Task goal:
Please keep to the lines below from the one with "Service Kit for" through the one with "Lighting Bolt Socks", and restate them word for word, ends included.

Records supplied:
○ ○ ○ ○ ○ ○ ○

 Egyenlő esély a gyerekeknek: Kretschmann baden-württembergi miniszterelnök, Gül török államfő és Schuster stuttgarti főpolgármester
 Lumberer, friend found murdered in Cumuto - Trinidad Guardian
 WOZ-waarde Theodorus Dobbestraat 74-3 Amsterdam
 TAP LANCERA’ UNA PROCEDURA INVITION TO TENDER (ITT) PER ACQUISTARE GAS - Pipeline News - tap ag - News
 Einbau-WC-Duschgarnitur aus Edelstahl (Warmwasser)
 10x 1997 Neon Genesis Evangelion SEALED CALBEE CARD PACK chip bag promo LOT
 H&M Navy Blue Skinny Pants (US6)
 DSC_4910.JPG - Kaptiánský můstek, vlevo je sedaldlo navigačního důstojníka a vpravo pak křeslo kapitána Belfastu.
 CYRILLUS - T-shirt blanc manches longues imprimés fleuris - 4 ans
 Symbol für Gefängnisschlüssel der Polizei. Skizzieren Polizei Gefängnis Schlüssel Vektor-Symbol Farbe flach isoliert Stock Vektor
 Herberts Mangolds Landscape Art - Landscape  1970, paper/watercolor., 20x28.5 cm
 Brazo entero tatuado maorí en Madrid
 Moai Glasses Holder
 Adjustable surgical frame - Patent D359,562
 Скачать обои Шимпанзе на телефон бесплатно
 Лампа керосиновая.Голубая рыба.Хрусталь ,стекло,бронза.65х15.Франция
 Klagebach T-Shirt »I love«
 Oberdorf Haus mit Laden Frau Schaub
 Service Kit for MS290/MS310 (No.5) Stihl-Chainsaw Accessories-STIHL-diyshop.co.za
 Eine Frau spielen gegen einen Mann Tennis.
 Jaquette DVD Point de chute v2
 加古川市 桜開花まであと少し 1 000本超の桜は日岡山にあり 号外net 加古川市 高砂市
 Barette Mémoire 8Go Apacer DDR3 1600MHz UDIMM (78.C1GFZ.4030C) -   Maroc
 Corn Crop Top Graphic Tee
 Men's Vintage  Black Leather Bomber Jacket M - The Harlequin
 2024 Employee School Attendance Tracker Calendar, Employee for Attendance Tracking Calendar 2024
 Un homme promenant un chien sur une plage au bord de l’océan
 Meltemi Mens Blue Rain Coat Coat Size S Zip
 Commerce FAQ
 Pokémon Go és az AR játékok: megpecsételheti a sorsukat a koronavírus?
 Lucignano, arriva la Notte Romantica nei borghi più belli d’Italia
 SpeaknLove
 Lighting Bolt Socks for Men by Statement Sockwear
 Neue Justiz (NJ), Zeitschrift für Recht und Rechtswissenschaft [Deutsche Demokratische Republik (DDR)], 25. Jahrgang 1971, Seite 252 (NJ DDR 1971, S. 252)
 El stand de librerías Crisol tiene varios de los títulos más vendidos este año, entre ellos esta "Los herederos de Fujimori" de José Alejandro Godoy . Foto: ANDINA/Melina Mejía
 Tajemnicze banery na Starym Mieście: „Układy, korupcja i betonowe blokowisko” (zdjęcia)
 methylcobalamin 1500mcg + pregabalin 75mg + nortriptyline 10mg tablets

○ ○ ○ ○ ○ ○ ○

Result of this task:
 Service Kit for MS290/MS310 (No.5) Stihl-Chainsaw Accessories-STIHL-diyshop.co.za
 Eine Frau spielen gegen einen Mann Tennis.
 Jaquette DVD Point de chute v2
 加古川市 桜開花まであと少し 1 000本超の桜は日岡山にあり 号外net 加古川市 高砂市
 Barette Mémoire 8Go Apacer DDR3 1600MHz UDIMM (78.C1GFZ.4030C) -   Maroc
 Corn Crop Top Graphic Tee
 Men's Vintage  Black Leather Bomber Jacket M - The Harlequin
 2024 Employee School Attendance Tracker Calendar, Employee for Attendance Tracking Calendar 2024
 Un homme promenant un chien sur une plage au bord de l’océan
 Meltemi Mens Blue Rain Coat Coat Size S Zip
 Commerce FAQ
 Pokémon Go és az AR játékok: megpecsételheti a sorsukat a koronavírus?
 Lucignano, arriva la Notte Romantica nei borghi più belli d’Italia
 SpeaknLove
 Lighting Bolt Socks for Men by Statement Sockwear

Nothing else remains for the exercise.